Des millions de membres de Medicaid devraient perdre leur couverture à partir d’avril, lorsqu’une disposition visant à empêcher les États d’expulser des personnes du programme pendant l’urgence de santé publique COVID-19 prendra fin.

Cela perturbera les soins de santé pour de nombreuses personnes à faible revenu et d’autres, certains nouveaux non assurés étant forcés de se faire soigner dans les salles d’urgence ou de renoncer à des médicaments sur ordonnance inabordables.

En outre, les hôpitaux – en particulier les hôpitaux ruraux – peuvent voir leur dette augmenter car ils couvrent le coût du traitement d’une vague de patients non assurés.

Lorsque des millions de patients perdront leur couverture Medicaid, les centres de santé communautaires en souffriront également. Cela affectera les revenus du centre et sa capacité à aider les communautés médicalement mal desservies.

Dans le cadre du Families First Coronavirus Response Act (FFCRA), adopté en mars 2020, les États doivent maintenir la plupart des membres sous Medicaid. En échange, les États qui ont promulgué cette disposition et d’autres ont reçu davantage de financement fédéral.

Auparavant, les États réévaluaient régulièrement l’éligibilité des membres, y compris leurs revenus. Si les personnes satisfont toujours aux critères d’admissibilité au moment du réexamen, leur couverture se poursuivra.

Les inscriptions à Medicaid/CHIP sont passées à 90 millions, soit une augmentation de 19,8 millions depuis le début de la pandémie, selon la Kaiser Family Foundation. Cela est largement dû aux réglementations d’admission en cours.

CHIP est le programme fédéral d’assurance maladie pour enfants qui fournit une assurance maladie à faible coût aux enfants de familles dont les revenus sont trop élevés pour être éligibles à Medicaid.

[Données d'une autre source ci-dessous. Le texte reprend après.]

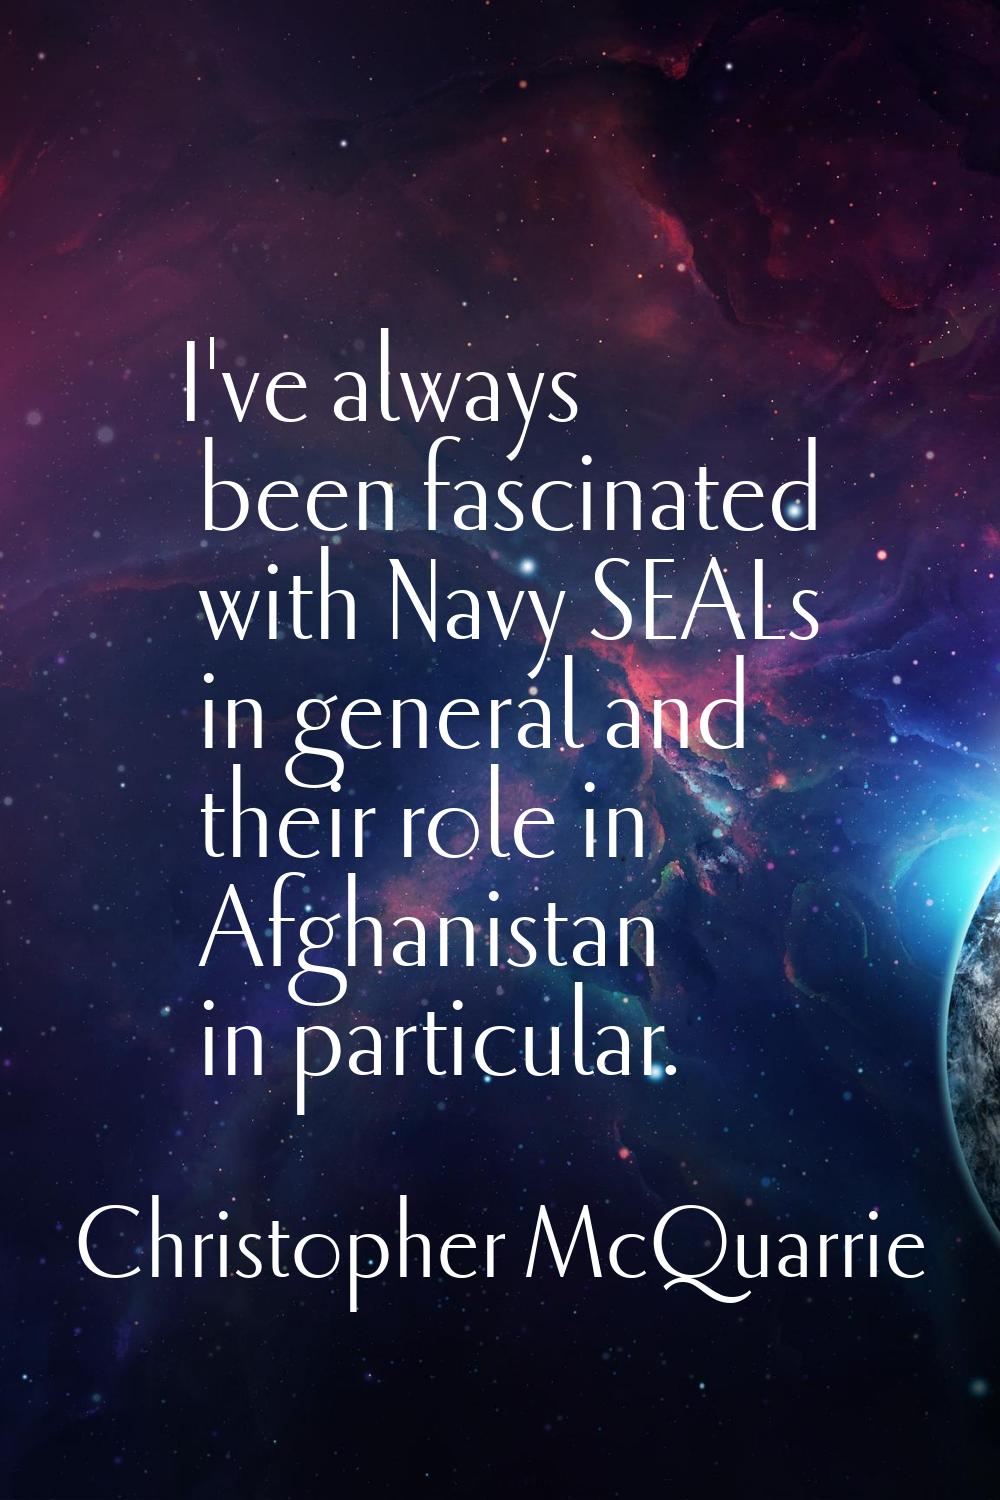 I've always been fascinated with Navy SEALs in general and their role in Afghanistan in particular.

Sara Rosenbaum, JD, professeur de droit et de politique de la santé à la Milken School of Public Health de l’Université George Washington à Washington, D.C., a déclaré que de nombreuses personnes avaient besoin de Medicaid pendant la pandémie parce qu’elles avaient perdu leur emploi.

« Et à cause des règles d’admission en cours, une fois que vous êtes dans le programme, vous restez », a-t-elle déclaré. « En conséquence, pour la première fois, de nombreuses personnes à faible revenu ont quelque chose que nous tenons pour acquis sur le marché des employeurs – une assurance stable. »

De nombreux facteurs peuvent entraîner la perte de la couverture Medicaid d’une personne si elle n’est pas inscrite en permanence, comme les fluctuations de revenus dues à une augmentation ou à un deuxième emploi temporaire.

Des problèmes administratifs peuvent également entraîner l’expulsion d’une personne de Medicaid, un phénomène connu sous le nom de « désabonnement administratif ».

Cela peut se produire, par exemple, si un membre ou un État fait une erreur lors du processus de réaffectation, ou si une personne manque un avis important parce qu’elle a déménagé à une nouvelle adresse.

L’urgence de santé publique COVID-19 devant se terminer en mai, l’exigence d’inscription continue de Medicaid doit se terminer le 31 mars.

Par conséquent, à partir du 1er avril, les États peuvent commencer à traiter la nouvelle détermination et l’annulation de Medicaid des membres qui ne sont plus éligibles. Ils auront 14 mois pour examiner l’éligibilité de l’adhésion.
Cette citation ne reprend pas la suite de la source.